Segment Open

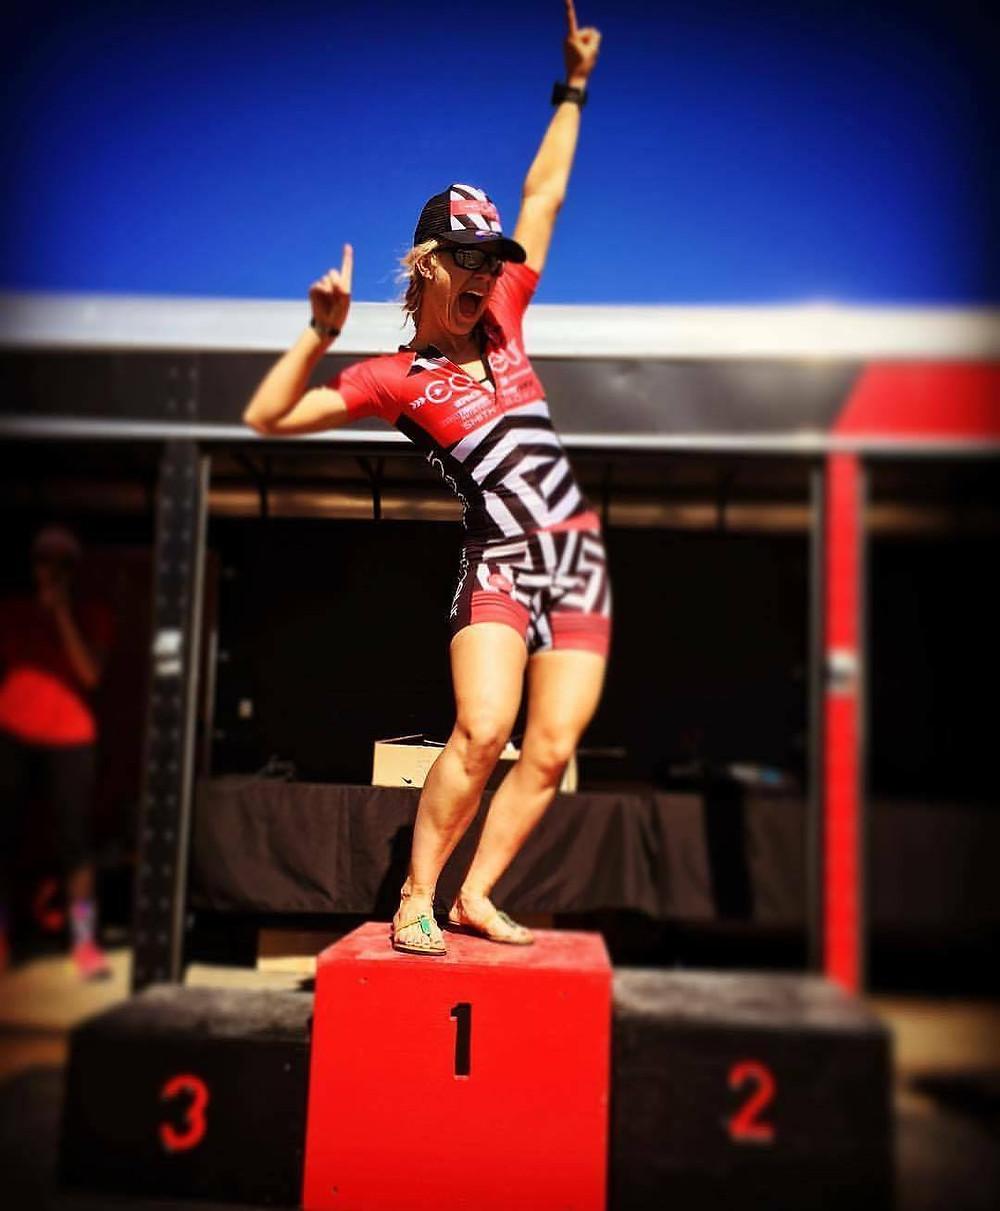 Feeling like I won the whole season at the Las Vegas Triathlon.
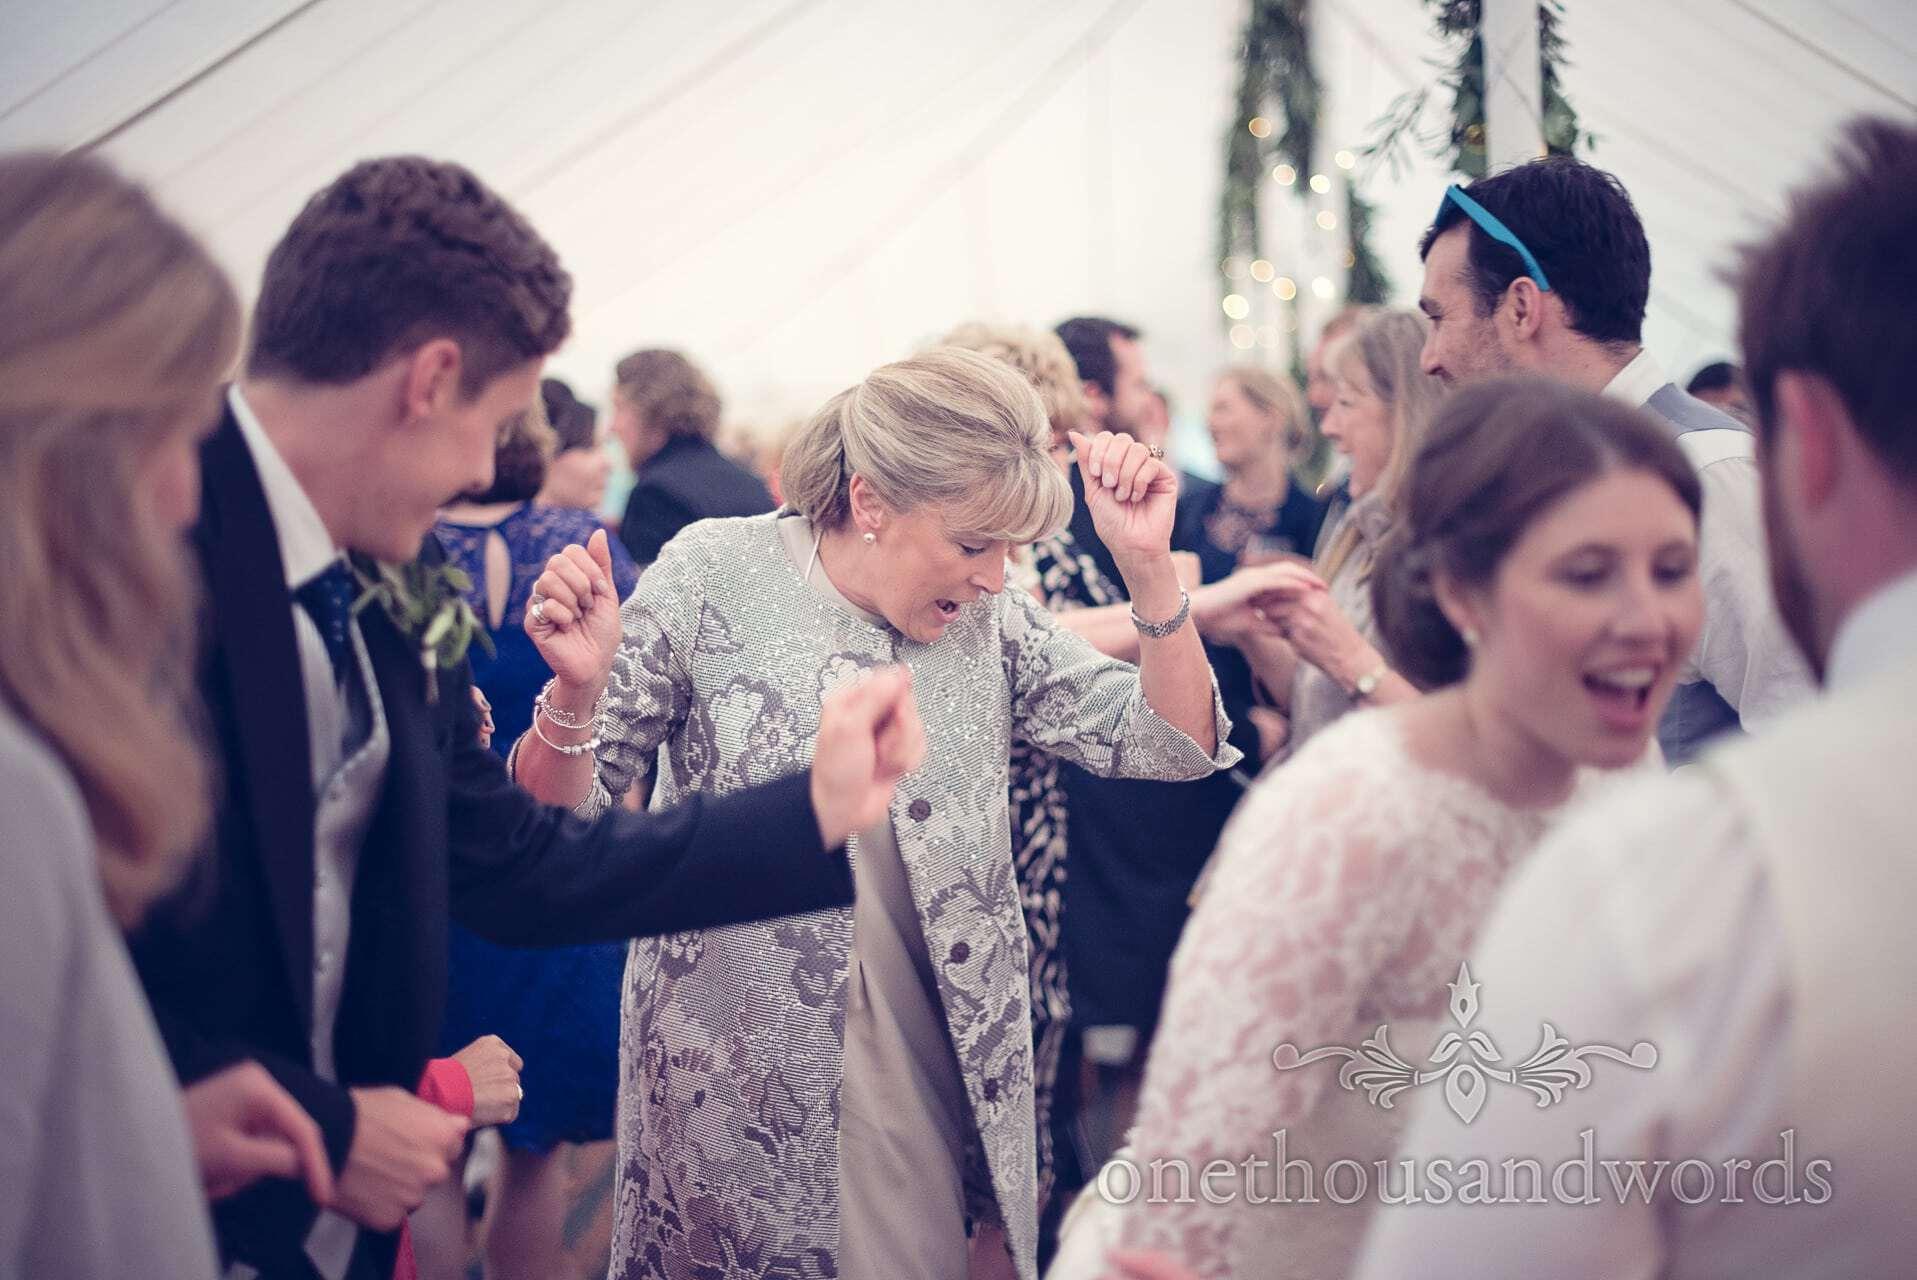 Mother of Bride dances at The Priory Wareham wedding
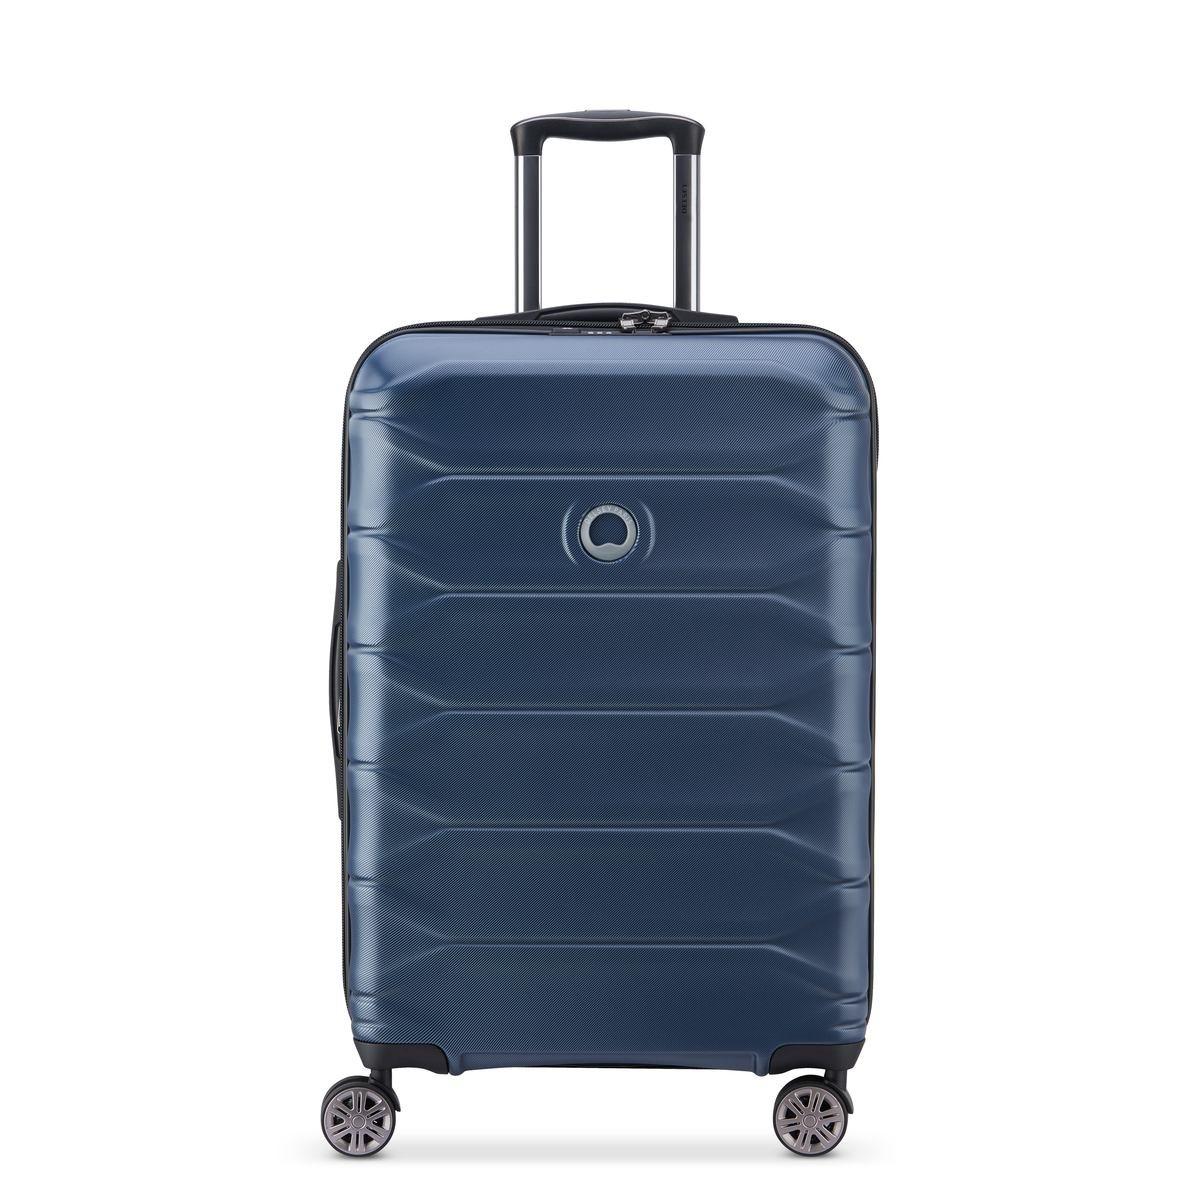 Delsey Βαλίτσα μεσαία expandable 68x44x26.5/29.5cm σειρά Meteor Blue
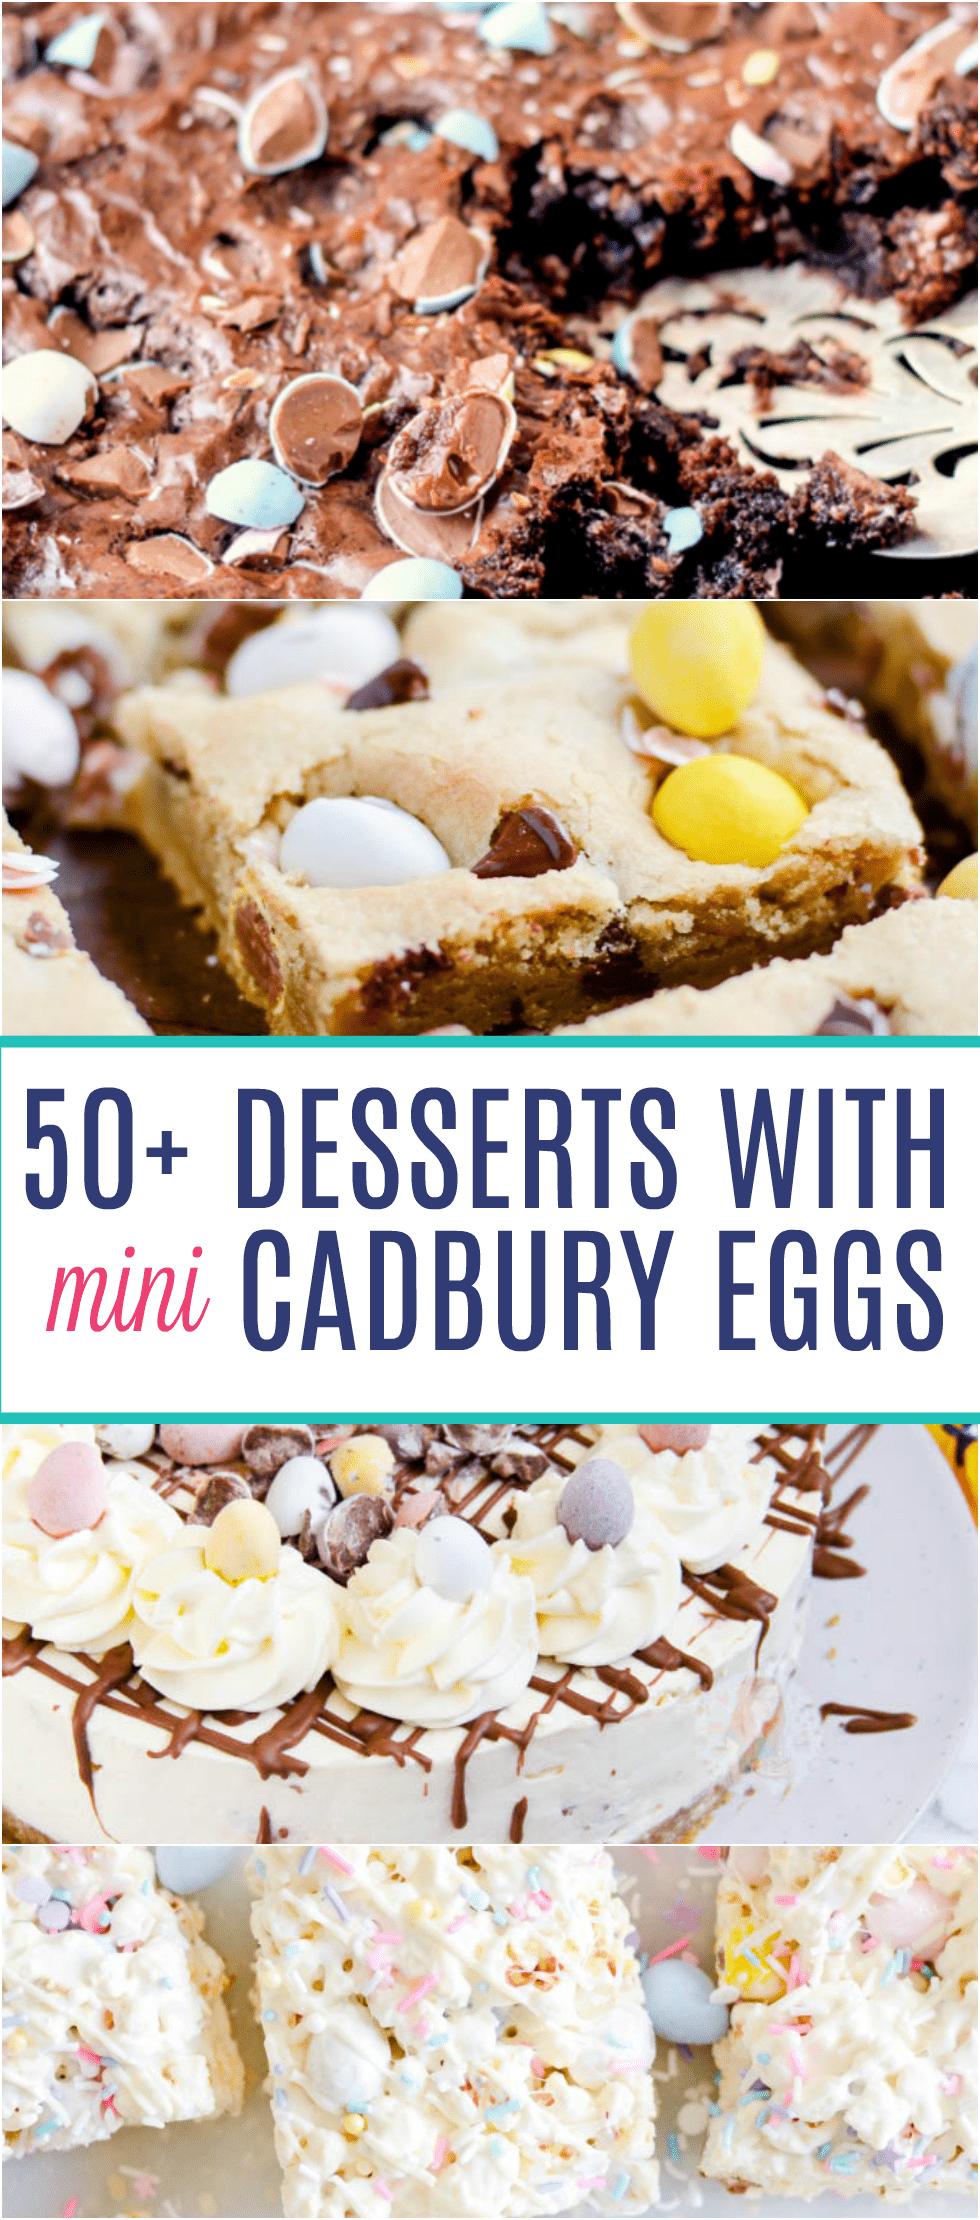 50+ Desserts with Cadbury Eggs
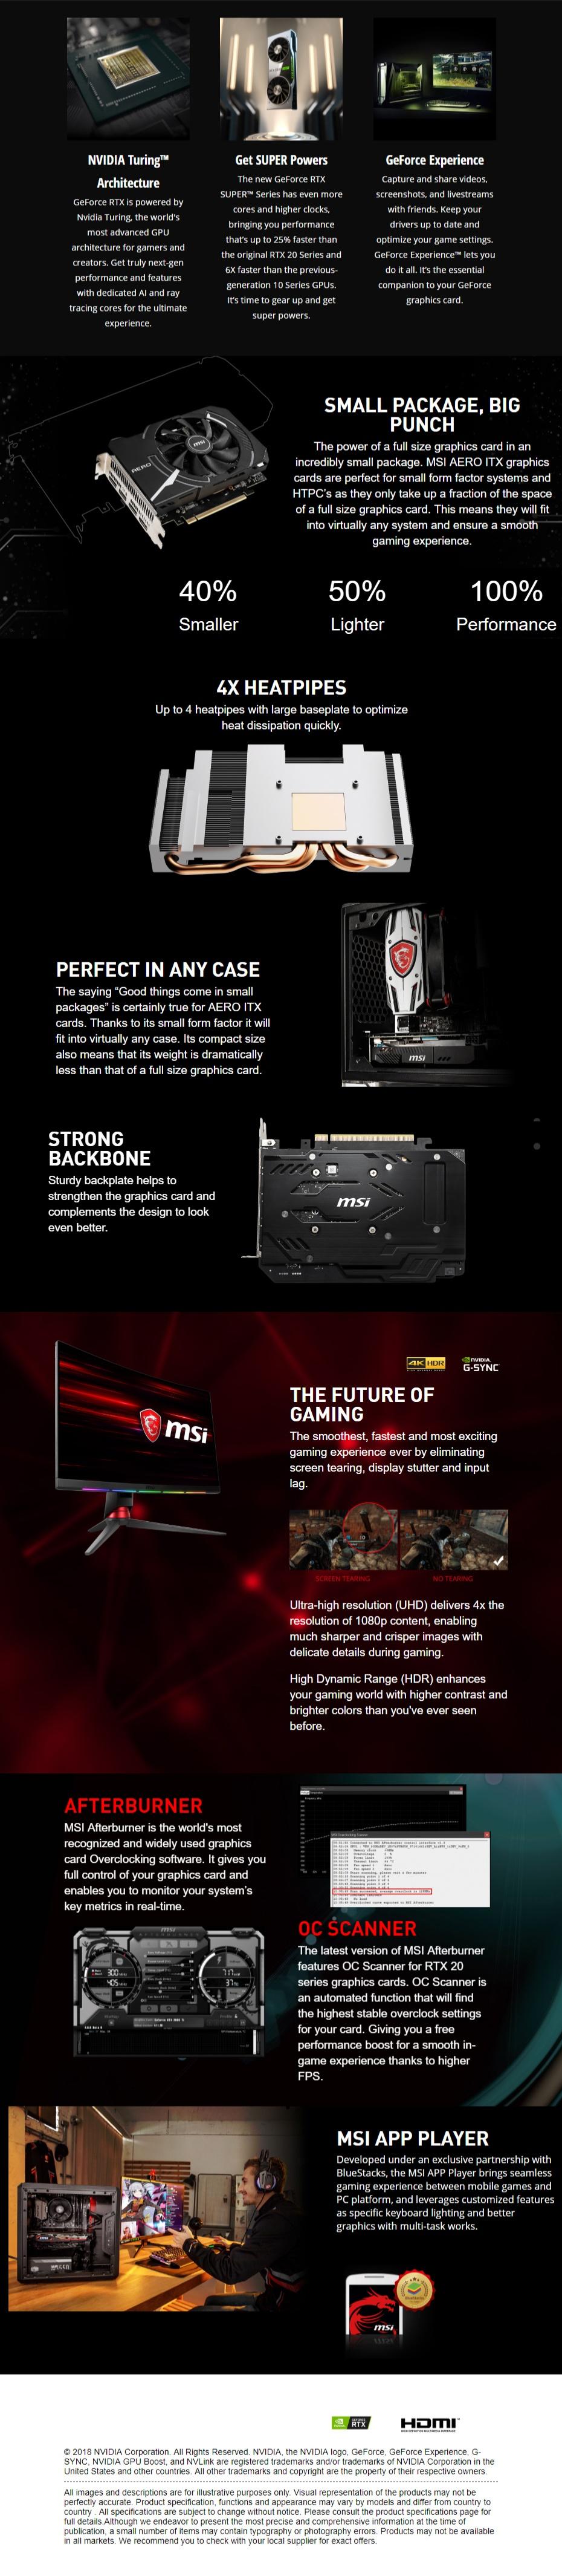 MSI GeForce RTX 2060 Super Aero ITX 8G Graphic Card

Segment Closed

* _Problem to work on_:
Give back exactly the lines from the line with "50+ Desserts with Cadbury Eggs" through the end of the material above, and omit every picture.

* _Reply to the task_:
 50+ Desserts with Cadbury Eggs
 MSI GeForce RTX 2060 Super Aero ITX 8G Graphic Card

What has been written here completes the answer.